The most recent framework, Global Digital Humanities (GDH), emerged around 2010 as a direct challenge to the Western-centric assumptions embedded in earlier frameworks. GDH argues that the standards, tools, and theories of digital archives have been developed primarily in North America and Europe, and that they often fail to accommodate non-Western languages, scripts, oral traditions, and knowledge systems. For example, Dublin Core metadata assumes a bibliographic model that may not fit Indigenous oral histories or Islamic manuscript traditions. GDH calls for multilingual, multicultural, and decolonial approaches to digital curation. It pushes Digital Archives and Curation to adapt its standards—or to recognize that local practices may be more appropriate than global ones. GDH also intersects with Critical Digital Humanities by foregrounding questions of power and colonialism, and with Public Digital Humanities by insisting that communities should control their own heritage. The tension between GDH and the earlier curation framework is particularly sharp: where curation seeks interoperability through shared standards, GDH argues that interoperability should not come at the cost of erasing local specificity.
Today, all five frameworks remain active, and their relationships define the subfield’s intellectual landscape.

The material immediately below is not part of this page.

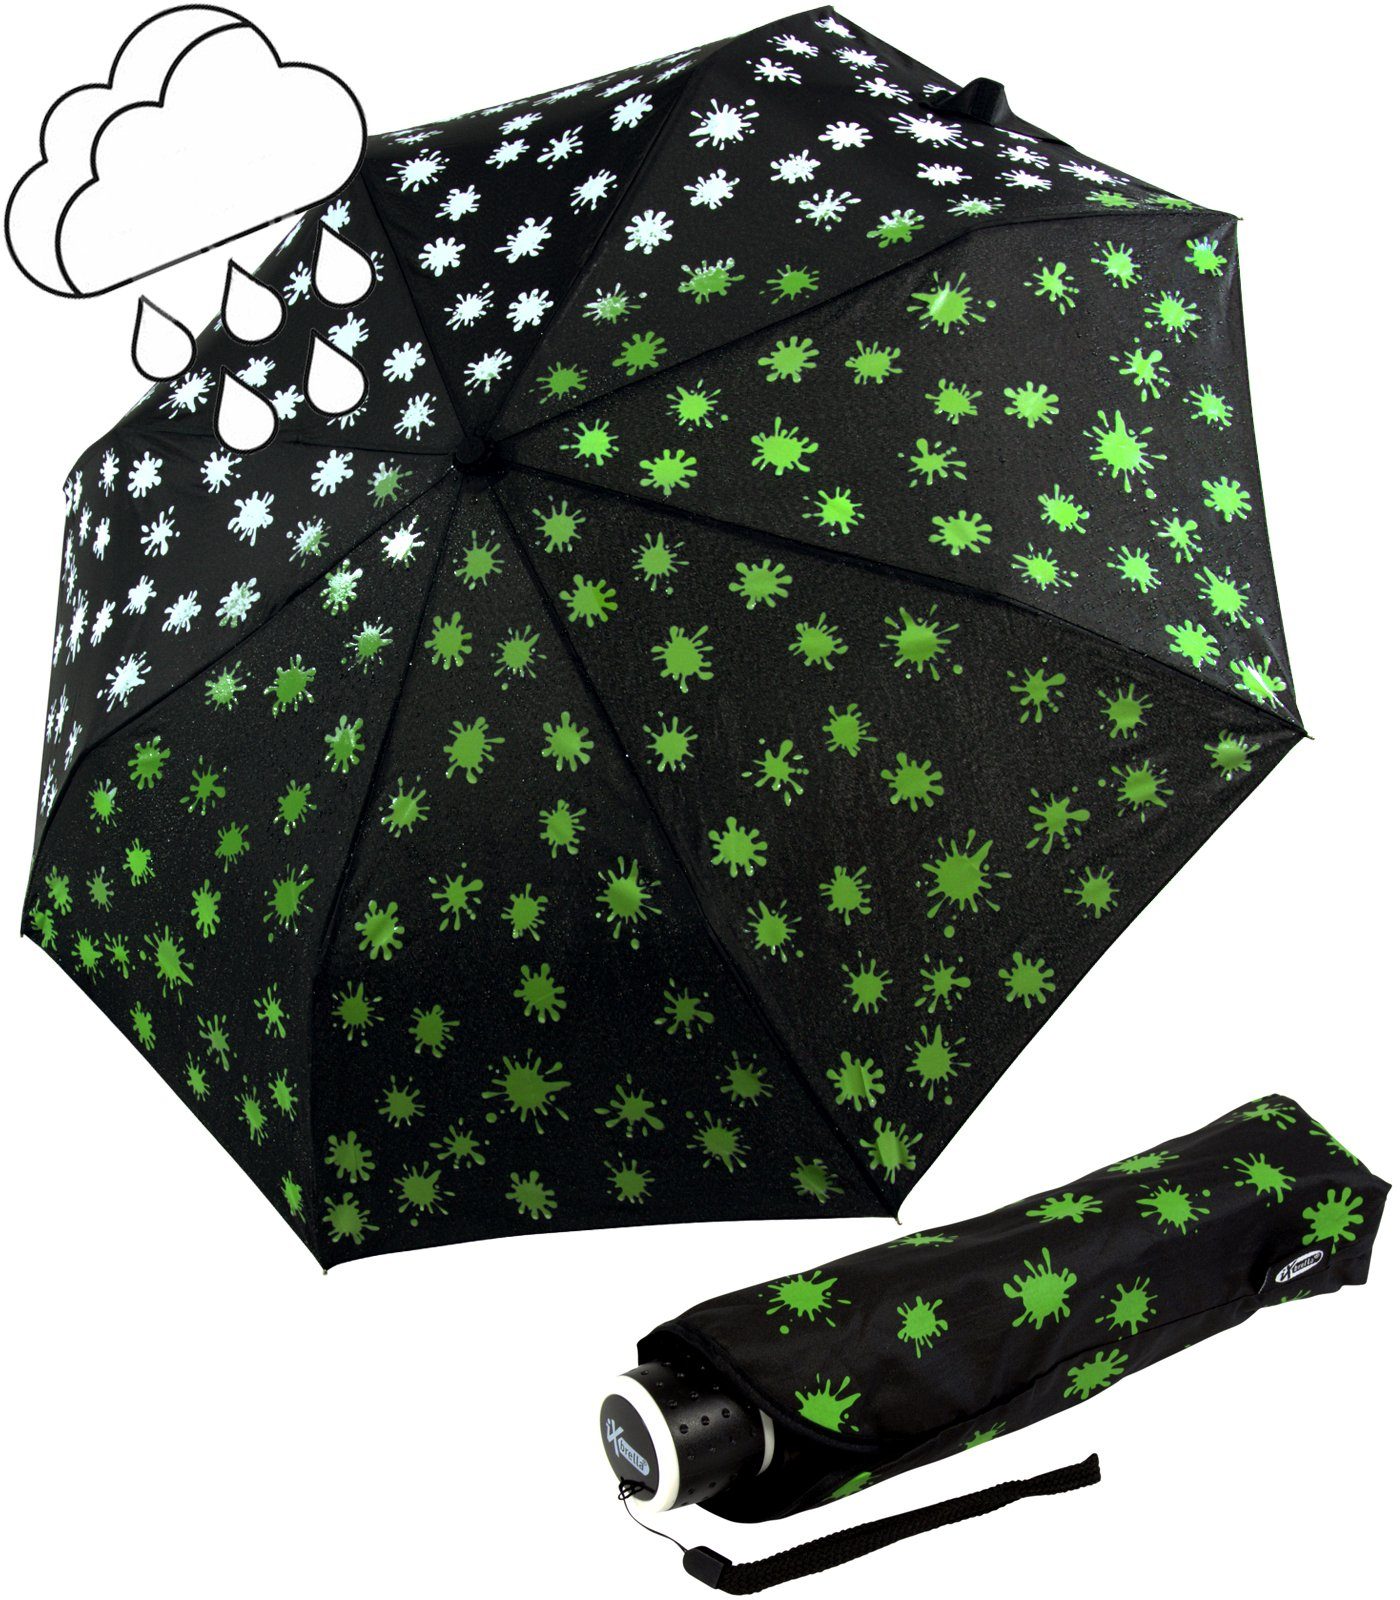 iX-brella Taschenregenschirm Mini Ultra Light - mit großem Dach - extra leicht, Farbänderung bei Nässe - Farbkleckse neon-grün schwarz-weiß-neongrün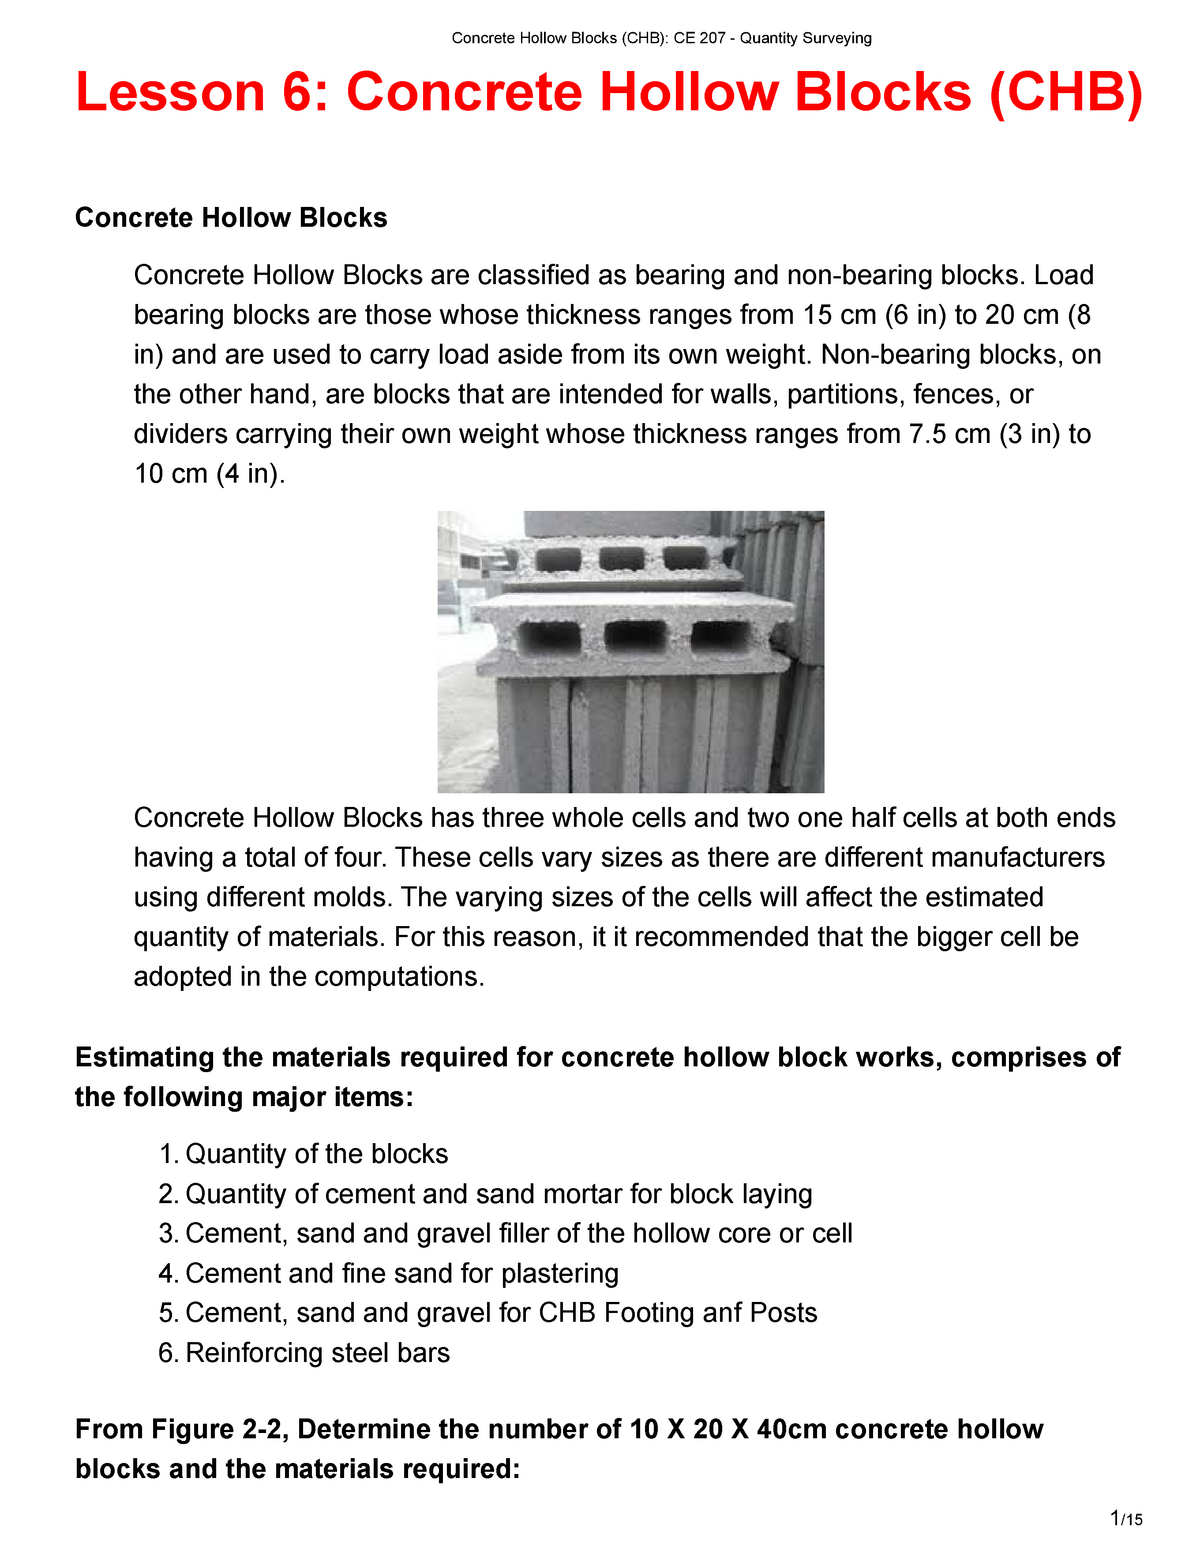 lesson-6-concrete-hollow-blocks-chb-concrete-hollow-blocks-chb-ce-207-quantity

Digital Archives and Curation continues to provide the technical infrastructure—standards, repositories, preservation workflows—that make digital collections possible. Critical Digital Humanities ensures that this infrastructure is examined for bias and power. Public Digital Humanities pushes collections outward, engaging non-academic audiences and co-creators. Global Digital Humanities insists that the field must reckon with its own geographic and cultural limitations. There is broad agreement that digital archives are not neutral and that community involvement is valuable. But disagreements persist: Should standards be universal or local? Should preservation prioritize authenticity or adaptability? Who should control access—institutions, communities, or individuals? These debates are not weaknesses; they are the engine of the subfield. The challenge for students entering this field is not to choose one framework over the others, but to understand how each offers a different lens on the same fundamental question: how can digital technologies help us care for cultural heritage in ways that are rigorous, just, and inclusive?